A Conditional Tabular GAN-Enhanced Intrusion Detection System for Rare Attacks in IoT Networks
Safaa Menssouri, El Mehdi Amhoud
TL;DR
The paper addresses intrusion detection in IoT networks under severe class imbalance, focusing on rare attack types in 6G-enabled environments. It introduces CTGSM-DNN, a two-stage system that combines conditional tabular GAN (CTGAN) synthetic minority data generation with SMOTEENN data cleaning, followed by a deep neural network classifier. On the CSE-CIC-IDS2018 dataset, the method achieves an overall accuracy of 99.90% and detects rare attacks with up to 80% accuracy, outperforming several baselines in recall and F1. The approach demonstrates that fitting minority-sample generation with quality-aware balancing can substantially improve rare-event detection in tabular intrusion data, with practical implications for IoT security; future work includes exploring LLMs and NLP for log- or text-rich data.
Abstract
Internet of things (IoT) networks, boosted by 6G technology, are transforming various industries. However, their widespread adoption introduces significant security risks, particularly in detecting rare but potentially damaging cyber-attacks. This makes the development of robust IDS crucial for monitoring network traffic and ensuring their safety.

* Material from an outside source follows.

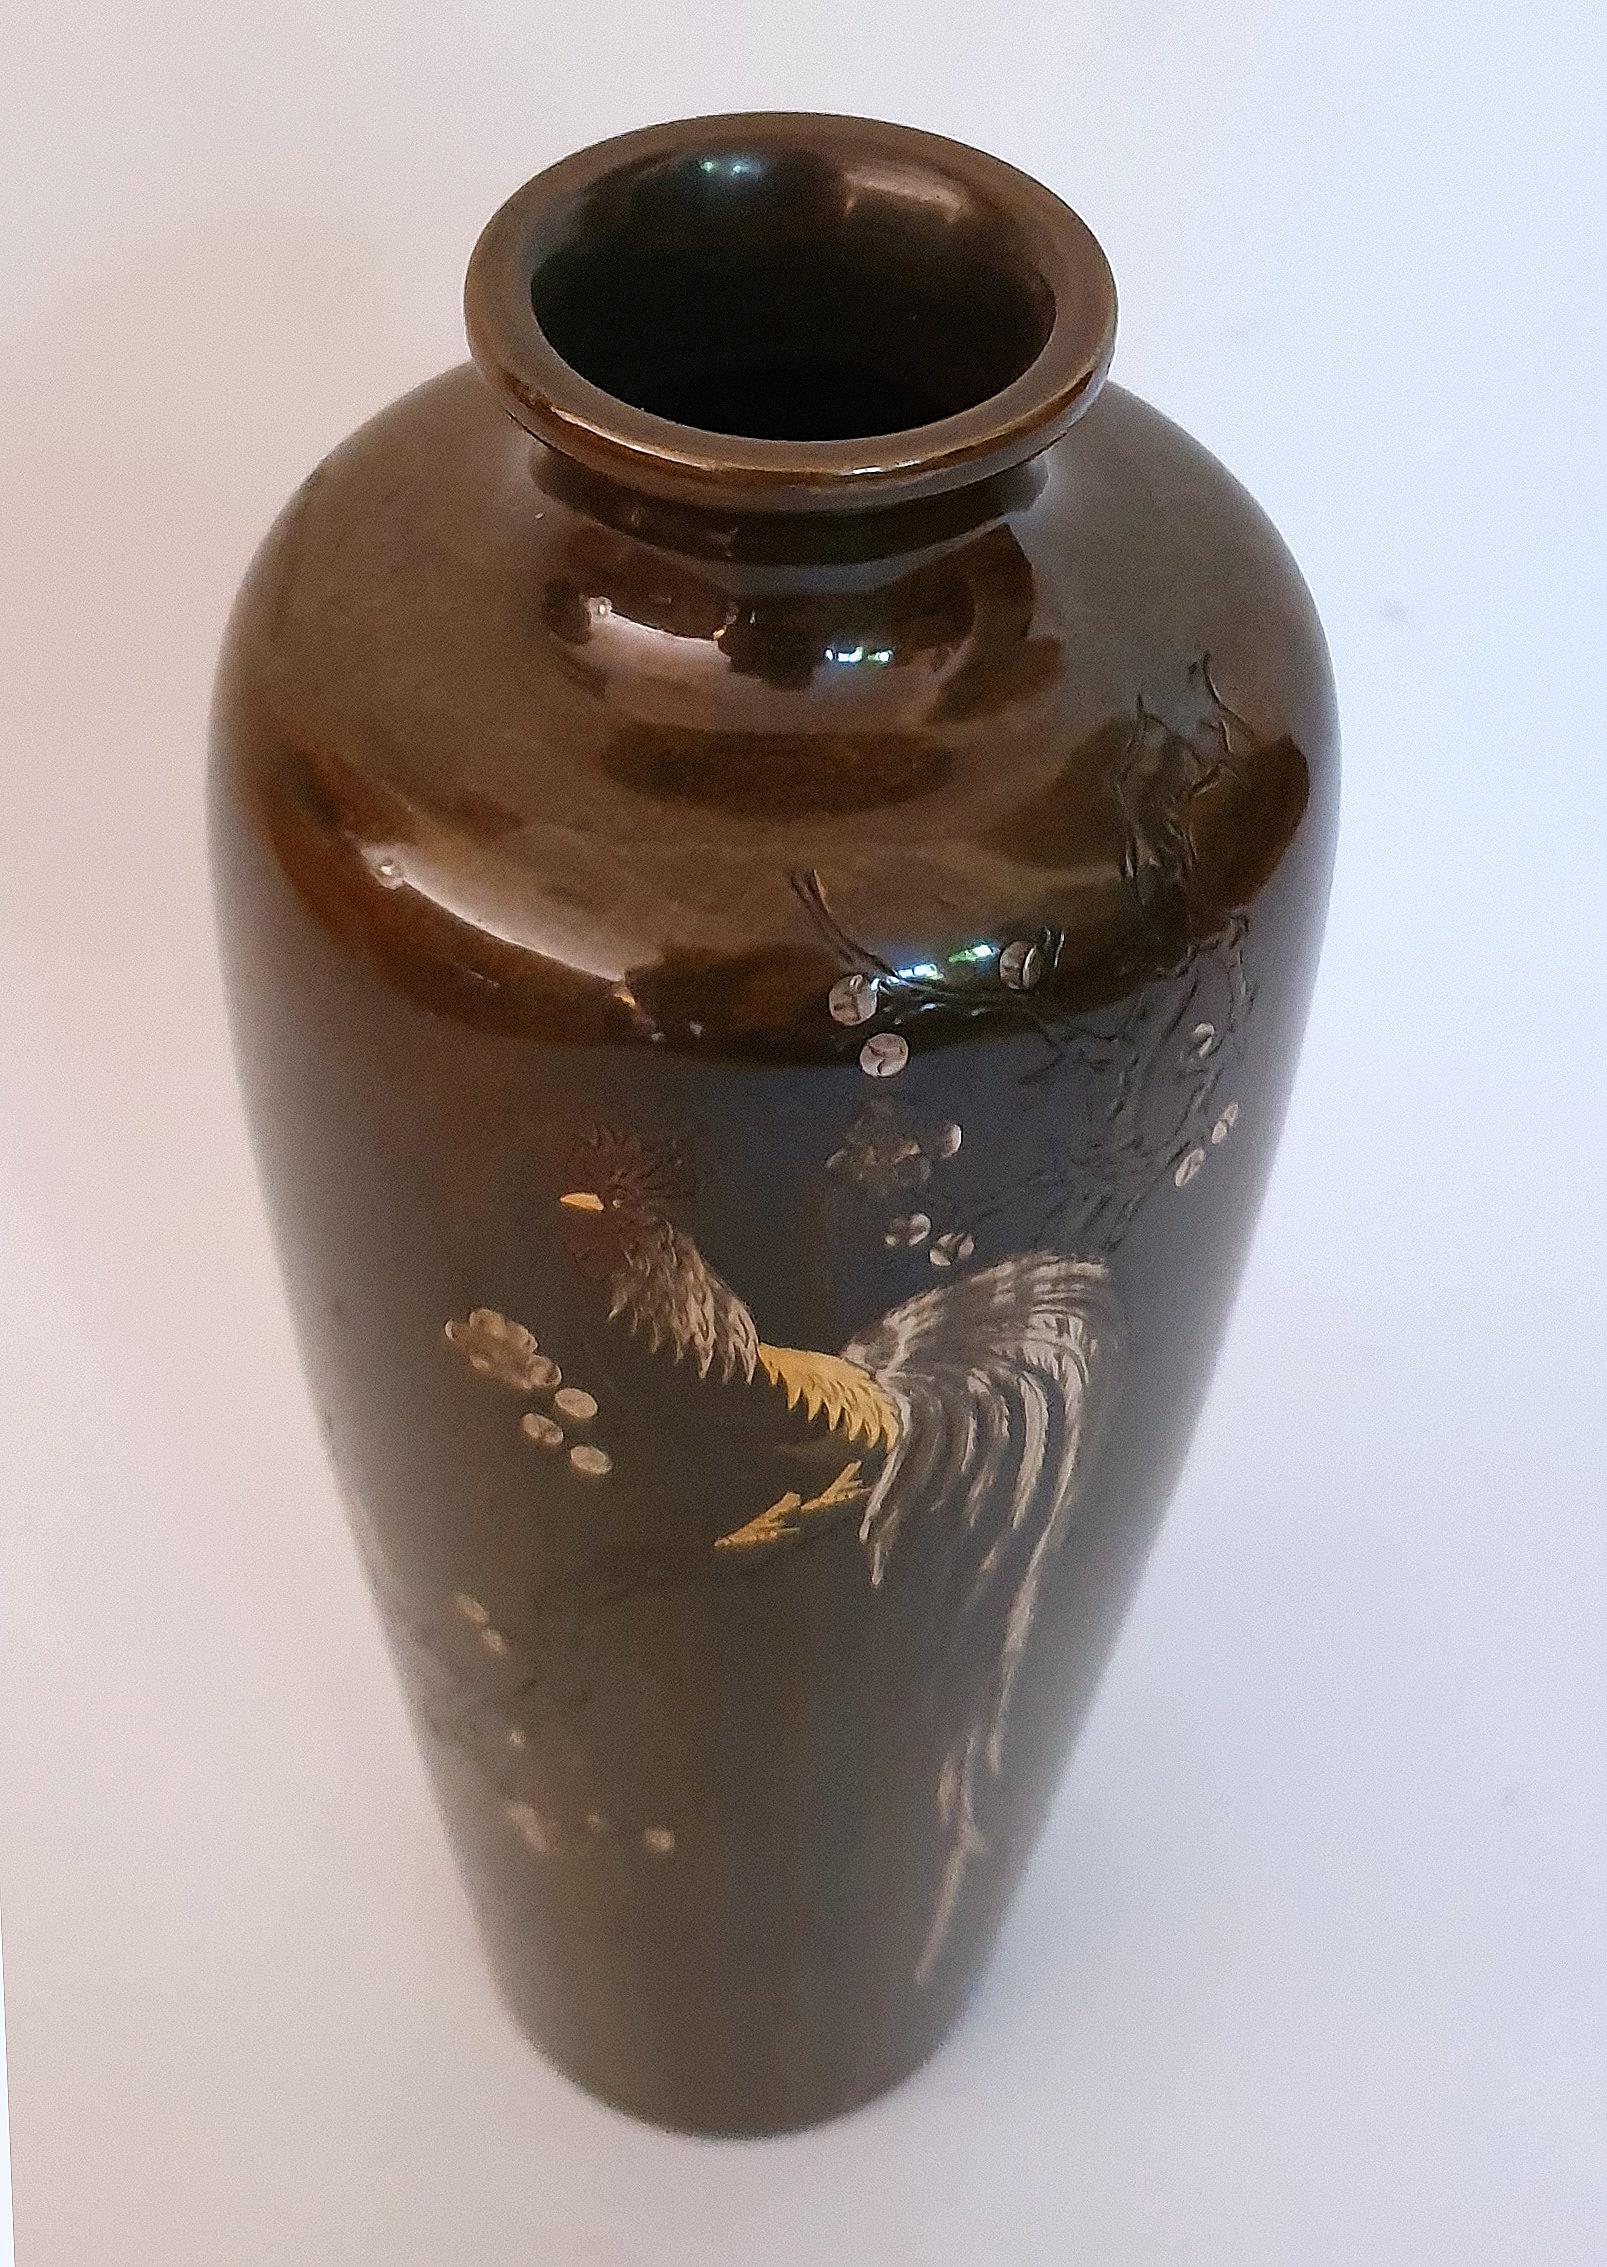 A 19th century Japanese Meiji period marinated bronze vase inlaid with gold and silver depicting an exotic bird perched on a blossoming branch. The vase is signed to the side of the vase and to the underneath. It measures 7 in – 17.8 cm high, 3 in –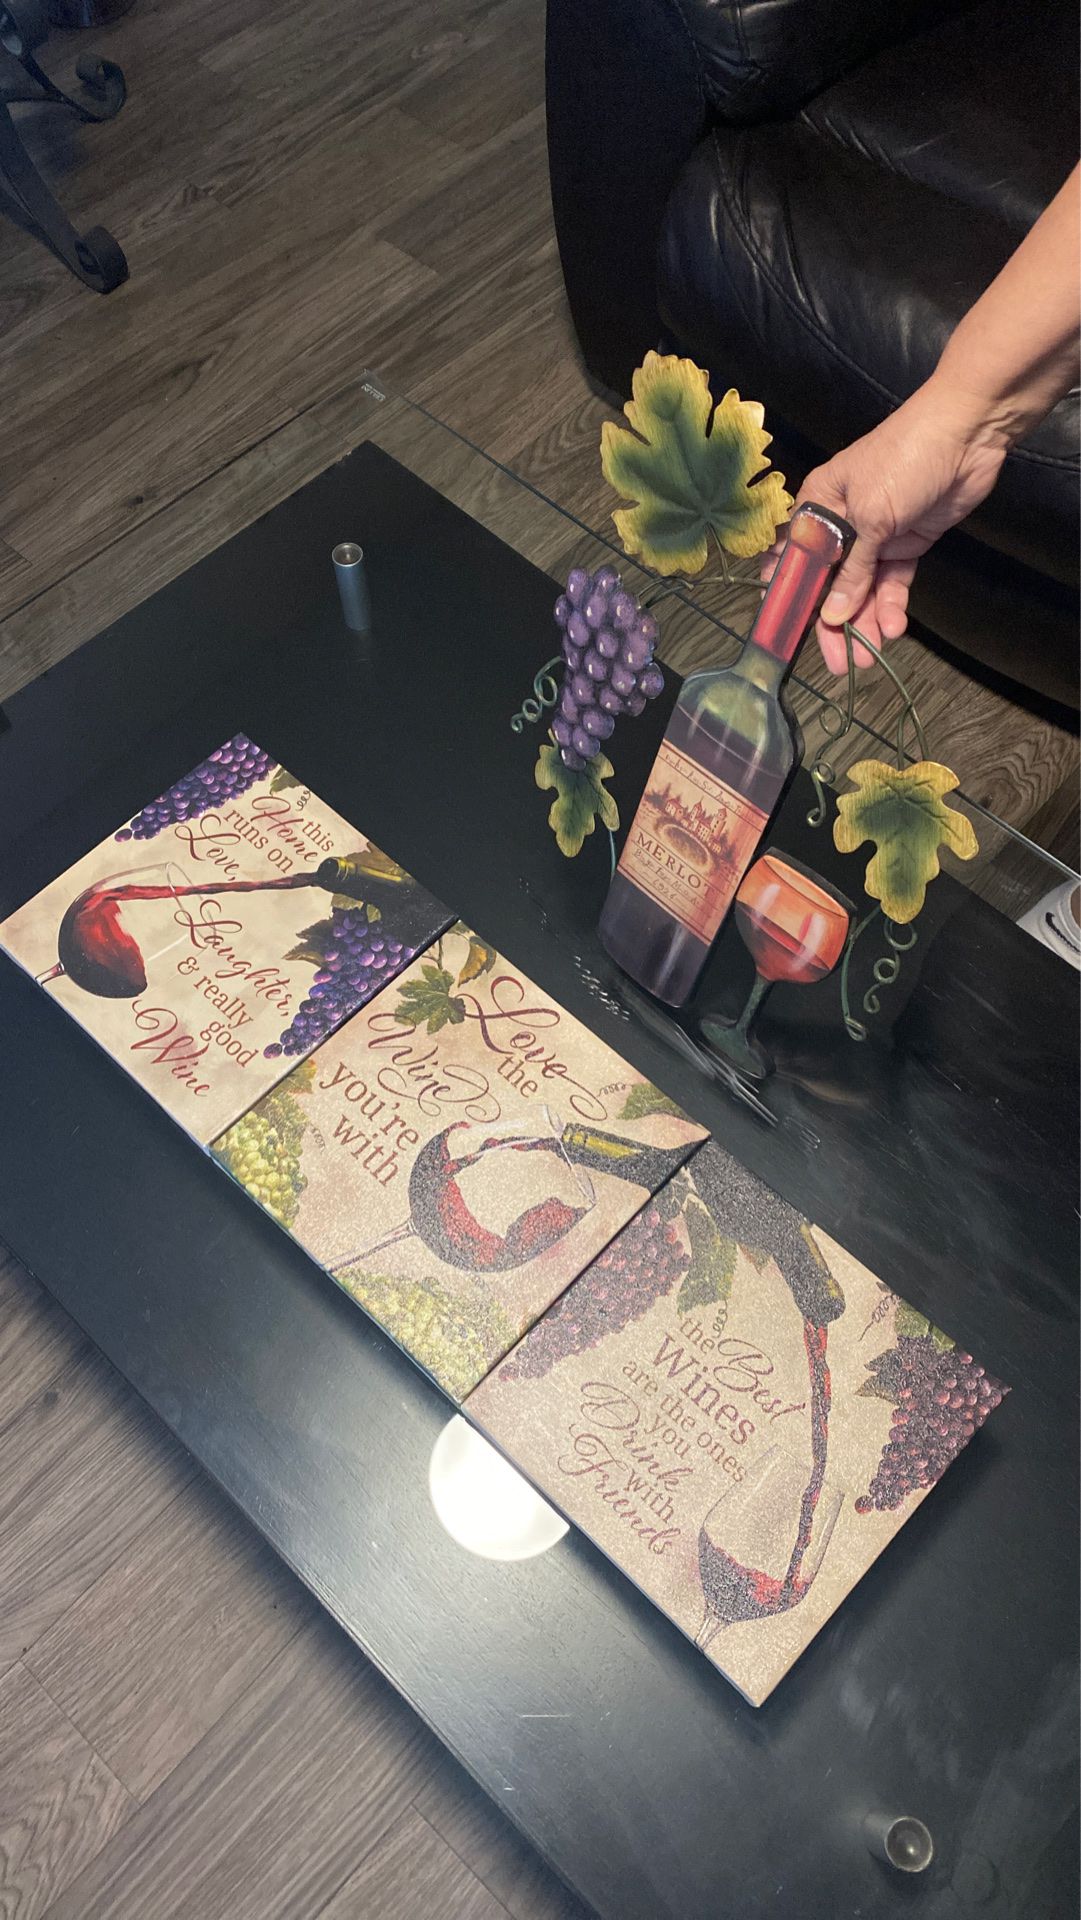 Grape pictures and wine Decor

Traditional IDS often struggle with detecting rare attacks due to severe class imbalances in IoT data. In this paper, we propose a novel two-stage system called conditional tabular generative synthetic minority data generation with deep neural network (CTGSM-DNN). In the first stage, a conditional tabular generative adversarial network (CTGAN) is employed to generate synthetic data for rare attack classes. In the second stage, the SMOTEENN method is applied to improve dataset quality. The full study was conducted using the CSE-CIC-IDS2018 dataset, and we assessed the performance of the proposed IDS using different evaluation metrics. The experimental results demonstrated the effectiveness of the proposed multiclass classifier, achieving an overall accuracy of 99.90% and 80% accuracy in detecting rare attacks.